# Poem - Between Two Nowheres



## Lilly Davidson (Apr 22, 2012)

*Between two nowheres*

Was it fate or was it decreed
  that first moment  
  when I knew nothing about him
of how we would dance 
  together to the music of time

  over the years that followed
   all those words  
  paths we trod in tandem
  stony and smooth
   flying hand in hand

After he came, before he goes 
is that bright time 
   between the twin darknesses
  of two nowheres 
a time to fill coffers
   of memories to endure
   the second and most agonising
  of those nowheres


----------



## Lilly Davidson (Apr 22, 2012)

Before anyone comments - remember I am a beginner and these are my first clumsy attempts!


----------



## Kevin (Apr 22, 2012)

Lilly Davidson said:


> Before anyone comments - remember I am a beginner and these are my first clumsy attempts!

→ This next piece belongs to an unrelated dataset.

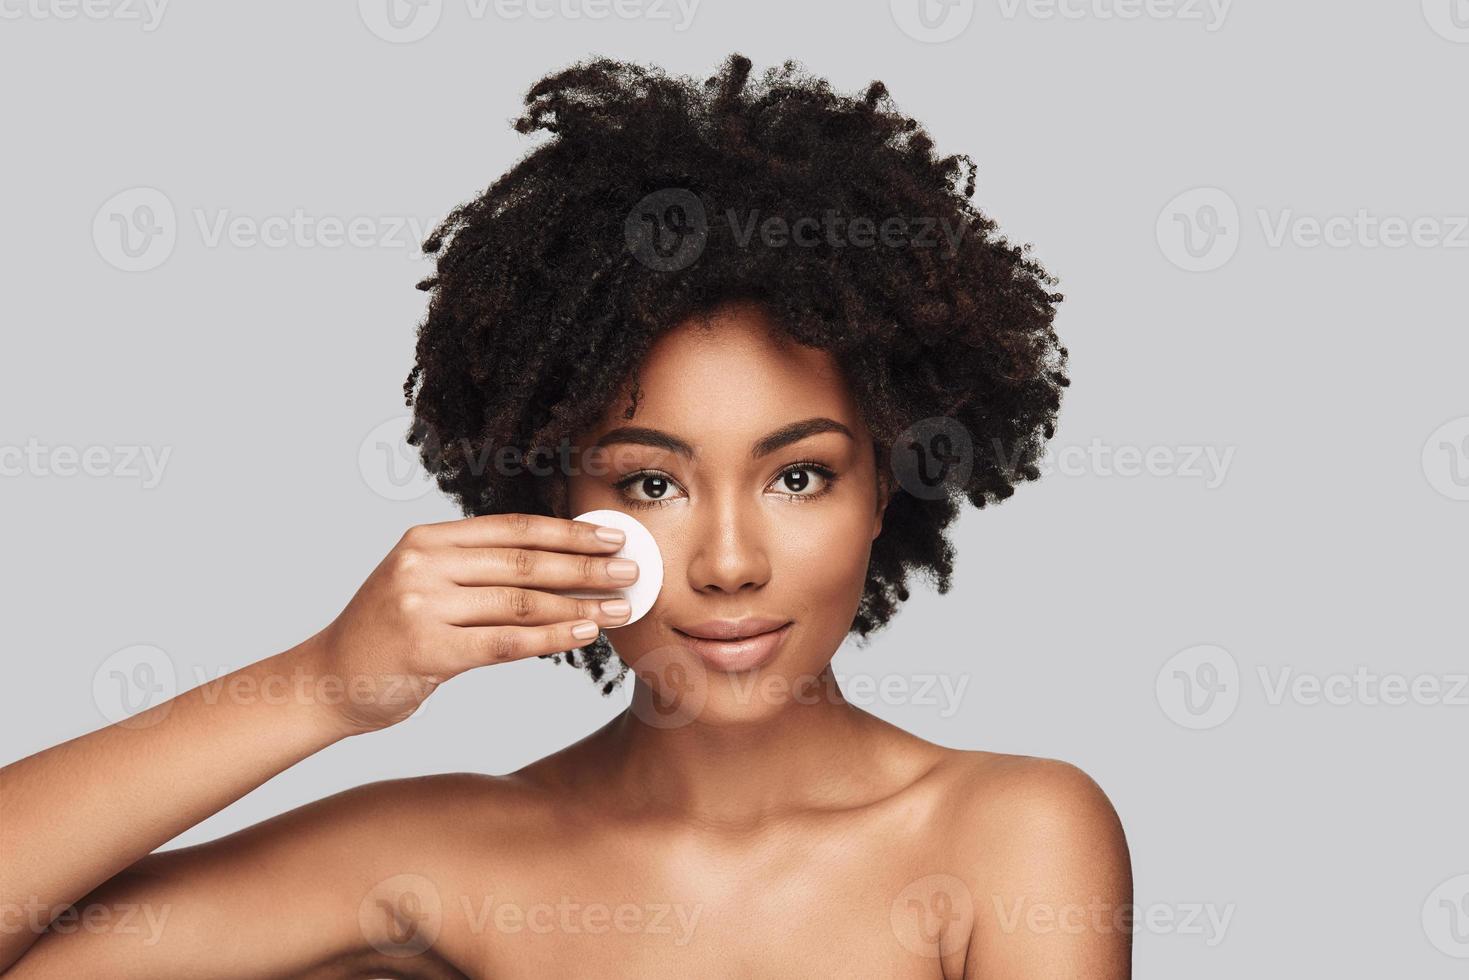 verwennerij. aantrekkelijk jong Afrikaanse vrouw toepassen schoonmaak spons en glimlachen terwijl staand tegen grijs achtergrond foto

 Prepare for humiliation(it's not so bad) Any attempts at suplication shall be crushed (like Bambi meets Godzilla) Thank you for your submission( your poem, I mean)


----------



## Lilly Davidson (Apr 22, 2012)

Ok, I am ready! It is vital to know, good or bad. 
So all critiques will be relevant.


----------



## Lilly Davidson (Apr 28, 2012)

Well, I suspect my poem is rather rubbish! It does not matter much because I can improve. I was thinking about my relationship with my husband as the core of the idea. That before I met him I was nowhere and after he goes I will again be nowhere. 
Feel free anyone, just to say what you think works and what does not. I would really like to know and then set about improving it.


----------



## Bloggsworth (Apr 28, 2012)

Lily, are you bemoaning the lack of criticism or a percieved lack of interest in your poem? Don't worry, that's quite common, I left one up for 2 weeks and the only comment it attracted was along the lines of "My uncle cracked his head once..."


Down to business then. Ask yourself this question, is this a poem written by you or your transcription of how you think a poet would have written it? You need to remember that you are the poet here and have no need of other people's imagery, of which your poem is full; _to the music of time_,  _paths we trod etc_., find you own way of saying these things. and you will be fine.


----------



## Kevin (Apr 28, 2012)

What makes a poem rubbish or not? Why do people comment about a work, or not? 

I think your idea was clear. I got it, at least. I'm not qualified as far as the rest. I'm still a baby. Only thing I can say is, come back after a years worth of writing, and see what_ you_ think of it. Happy writing-K


----------



## Lilly Davidson (Apr 28, 2012)

Fair points. I am far more into prose fiction than poetry but I wrote this poem as part of an assignment in my creative writing course. I actually enjoyed learning about poetry but doubt it will be my thing. I think it is good to have a go at everything just to see what you can and cannot do.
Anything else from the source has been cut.